Thank you T, for the great advice. First time playing the game so i appreciate experienced opinions. It makes sense that while you have a crowd watching that
the more you can entertain them ( in the moment ) the better. I think I will look into scaling down the you must do's and work on more immediate tasks. I like the life of the party idea, sounds like fun.


----------



## tgoodman (Sep 25, 2009)

The best ones at our party are the "Minute To Win It" challenges, where they can change their "bad" fate to "good" if they successfully complete a challenge.


----------



## Abysome1 (Aug 8, 2014)

What are some of the best "Minute to Win It" challenges that have worked for you in the past?


----------



## texaslucky (Feb 25, 2014)

I love your games. I am working on this as we speak. Lots of fun things here. I also got a lot of ideas from Printersdevil's Pinterest board.
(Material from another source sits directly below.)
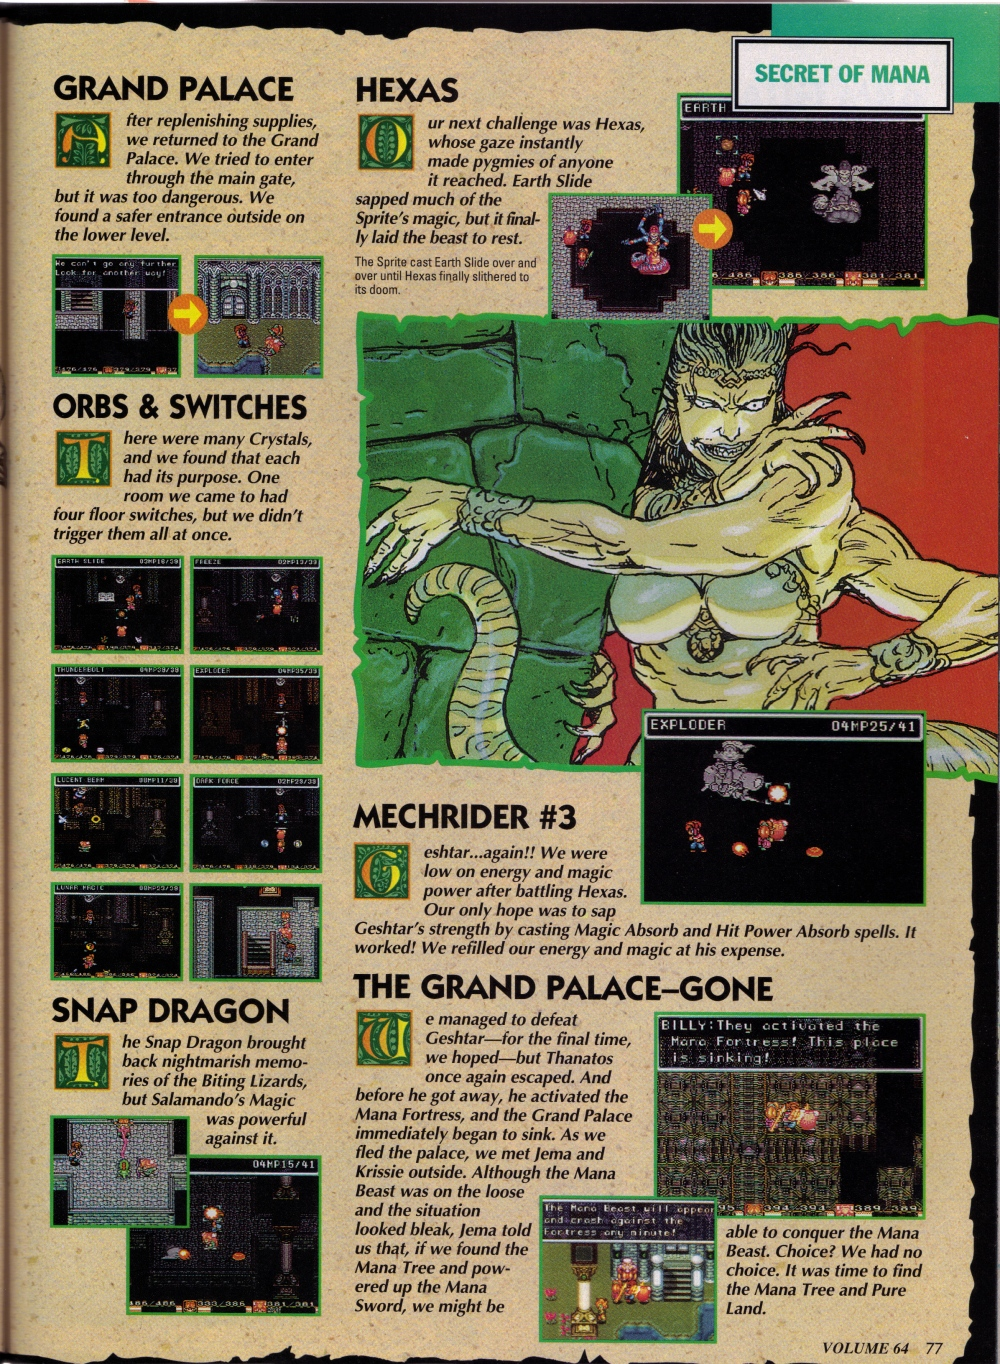 Nintendo Power Volume 64 Mortal Kombat 2 Cover w/ Donkey Kong Country Poster

I think there are even some of the minute to win it ones. I think that would even be a fun theme with people dressed in something like super hero costumes.

Halloween party games

I am going to use a few of yours too. Great stuff. This Forum and members are the BEST!!!!


----------



## Abysome1 (Aug 8, 2014)

Thx Lucky, lots of possibilities for games on that pinterest page. One of my friends suggested that the player chooses a partner to play with and has to get _____ right in that Heads Up game that Ellen Degeneres plays. I think that might be a crowd pleaser.


----------



## printersdevil (Sep 7, 2009)

I almost bought a couple of sets of Head banz at GW yesterday. They were new and only $3 and the adult version. I have never played, but thought I could maybe change out the cards for Hallooween or horror related ones and/or picture type ones for kids. Hummmm.... may go back for them.


----------



## dkberg (Aug 31, 2012)

One of my favorites isn't really a bad consequence, but I have a few in there where you have to get your picture taken with everyone at the party. So, I have a digital camera available and hand if off or follow them around while they get it done. It is great for me at the end of the party because then I know I have gotten everyone's picture and it is good for mingling. There are some pretty hilarious poses that come out of it in the long run.


----------



## Abysome1 (Aug 8, 2014)

Devil lots of great games on your pinterest page. DK that sounds like a great idea and i'm sure it will get alot of hilarious pictures out of it. Good Stuff.


----------



## QueenHalloween (Oct 9, 2013)

Love your Tempt Your Fate ideas!!

Last year we did the Winking Game and it was a hit. We are thinking of spicing it up and also doing the Tempt Your Fate game simultaneously. Do you think that's a bit too much? We really don't have any other activities because we are in such a small space.


----------



## Abysome1 (Aug 8, 2014)

Hiya Queen, a game we have been playing at the last few christmas parties has been a lot of fun and will work well in large or small spaces. I'm sure there is
a specific name for it but its basically giving everyone a nametag with a holiday related name ( ex.- Mayor Bergermeister Meisterberger ). During the party
you have to use there nametag name and not there real name. If you use someone's real name you get a small black sticker put on your nametag and if
you catch someone using a real name you get a red sticker. At the end of the night the person with the most red stickers gets introduced as the Name
Sheriff and recieves a prize. The person with the most black stickers has to sing Rudolph the Red-nosed Reindeer to everyone. Just change it up to any 
Halloween theme. It has been hilariously fun and everyone gets a kick out of it


----------



## printersdevil (Sep 7, 2009)

You could use one of those name generators on FB to come up with various names for say witches, monsters, etc.


----------



## Ashleigh7 (Jun 24, 2011)

queen--We play both every year.. we set up the winking murder game to play through out the night.. I just make sure the murder is someone who is going to be there most of the night.. and the death cards are by the door on our butler for the guest to pick up with the rules and how they must die. then the tempt the fate is set up in balloons on the side rules posted by the balloons and then randomly through the night people will pop balloons once 1 person does it then everyone wants too...


----------



## Vater (Oct 10, 2014)

Last year at our party we had the winking murder game and tempt your fate going on simultaneously. This year we'll be going with just Tempt Your Fate cause that was a lot of fun.


----------